We set the working directory and become the unprivileged user, which will be used both to install the gems and to run the web service itself. We define BUNDLE_APP_CONFIG to point to a writeable volume owned by the unprivileged user. Then, we install the library dependencies.

# Dockerfile (continued)

# SYNC: Dockerfile/2 {
WORKDIR /srv/tunefl/
USER tunefl
ENV BUNDLE_APP_CONFIG /srv/tunefl.bundle/
# SYNC: }

RUN bundle install --path /srv/tunefl.bundle/

Finally, we declare the writeable volumes: /srv/tunefl.bundle to contain installed gems, and /srv/tunefl/public/ and /srv/tunefl/tmp/ to be mounted over the top of read-only /srv/tunefl. Ideally, we’d switch tmp/ to another location entirely, but this doesn’t appear to be straightforward with Rails 3.

# Dockerfile (continued)

VOLUME [ \
    "/srv/tunefl.bundle/", \
    "/srv/tunefl/public/", \
    "/srv/tunefl/tmp/"]

Dockerfile.worker—worker service

We keep the SYNC: Dockerfile/1 section in sync with that in Dockerfile, rather than modifying it to add our additional packages. This enables the Docker layer cache to be used, significantly increasing the speed of builds.

# Dockerfile.worker

# SYNC: Dockerfile/1 {
FROM ruby:2.2.3
RUN \
    apt-get update -y && \
    apt-get install -y \
        build-essential \
        libpq-dev && \
    useradd --home-dir /srv/tunefl/ --shell /usr/sbin/nologin tunefl
# SYNC: }

Next, we install the additional packages needed for the worker service.
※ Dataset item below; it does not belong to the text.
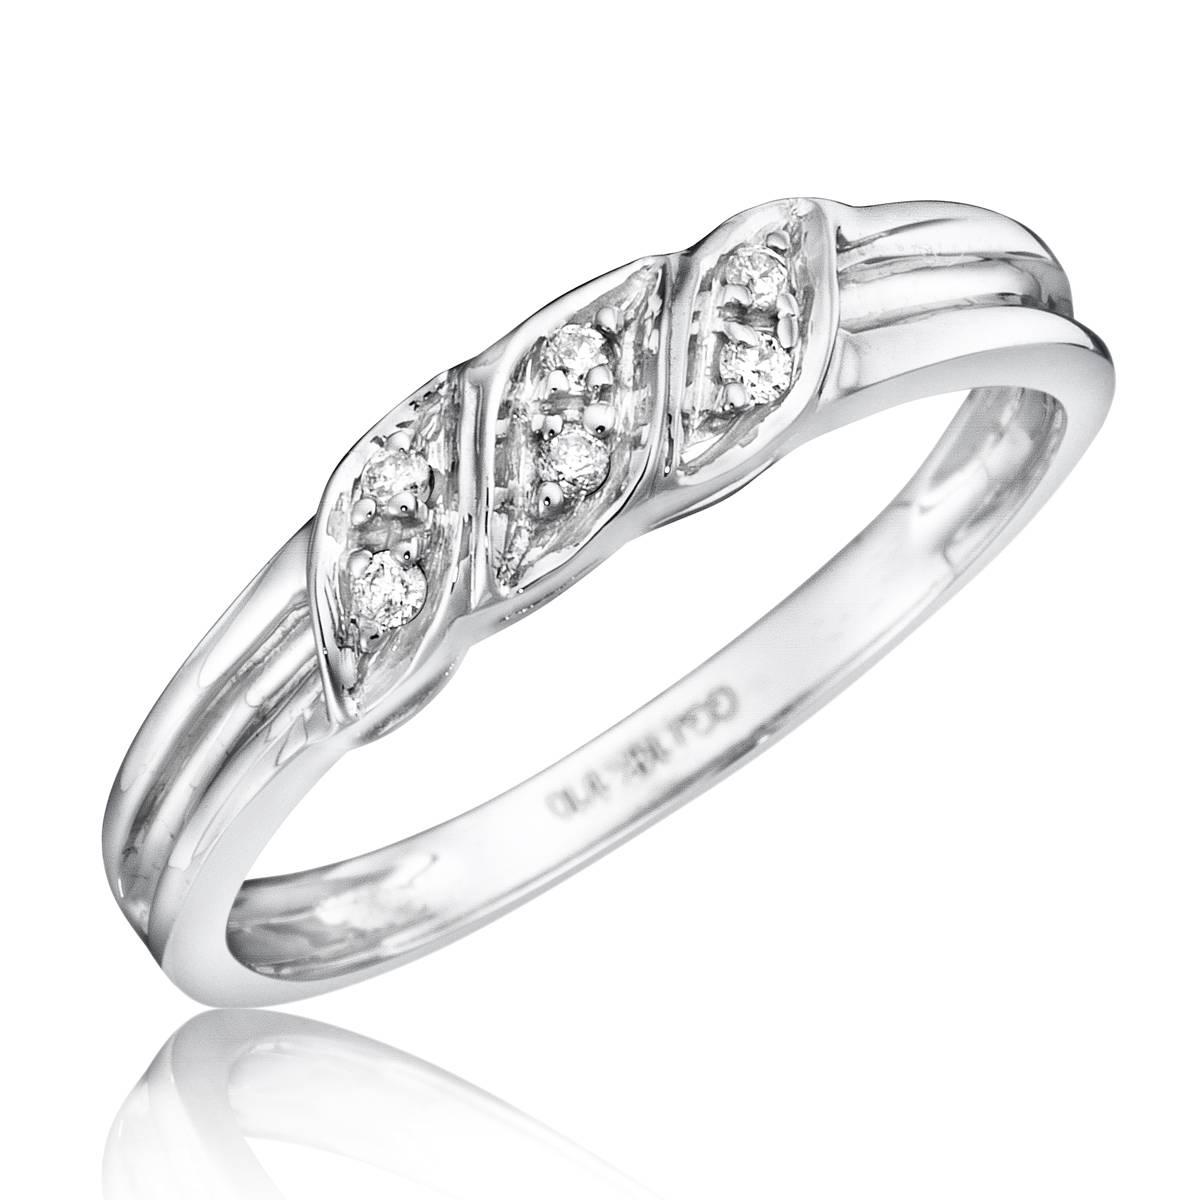 1/15 Carat T.w. Diamond Women's Wedding Ring 10K White Gold Within Ladies White Gold Diamond Wedding Bands (Gallery 1 of 15)

The lilypond package has lots of dependencies, and installation takes a long time. This fragment is placed so as to maximise the shared layers between Dockerfile and Dockerfile.worker. However, web does not need lilypond, so we keep that build clean, which is the whole motivation for the separate Dockerfile.worker.

# Dockerfile.worker (continued)

RUN \
    apt-get update -y && \
    apt-get install -y \
        lilypond

Finally, we keep the SYNC: Dockerfile/2 section in sync with that in Dockerfile, simply to reuse the shared pattern. We don’t benefit from the Docker layer cache cross-Dockerfiles here, as the previous steps have diverged. Note that we don’t need to set up any directories or install any gems, as we’re reusing the web service volumes. This means that gem installation should still be fast, because the work has already been done in Dockerfile.

# Dockerfile.worker (continued)

# SYNC: Dockerfile/2 {
WORKDIR /srv/tunefl/
USER tunefl
ENV BUNDLE_APP_CONFIG /srv/tunefl.bundle/
# SYNC: }

usage

In this section, I note some common usage commands. I’m using Docker Compose 1.5.2, which means the --x-networking flag is required to activate the automatic handling of a segregated project-specific bridge network. If you’re using Docker Compose 1.6 onwards, you probably won’t need this flag.

To build and start all services, both internal and external:

docker-compose --x-networking up

To view all running containers and their names:

docker ps

To open a browser pointed to whichever ephemeral port Docker has connected the web service to (you can also map to host ports explicitly, if you prefer):

xdg-open "http://$(docker-compose port web 8080)" # Linux

To connect to PostgreSQL:

docker exec -it tunefl_postgres_1 psql -U postgres

To connect to Redis:

docker exec -it tunefl_redis_1 redis-cli

To migrate a database using rake db:migrate:

docker exec tunefl_web_1 bundle exec rake db:migrate

To monitor Resque or Sidekiq jobs from the command-line using my Sidekiq Spy:

docker exec -it tunefl_worker_1 sh \
    -c 'TERM=xterm bundle exec sidekiq-spy -h tunefl_redis_1.tunefl -n resque'

More usage notes, including an approach to handling multiple stacks such as for executing an automated test suite, can be found in the Tunefl README.

Code related to this post is available from the Tunefl repository.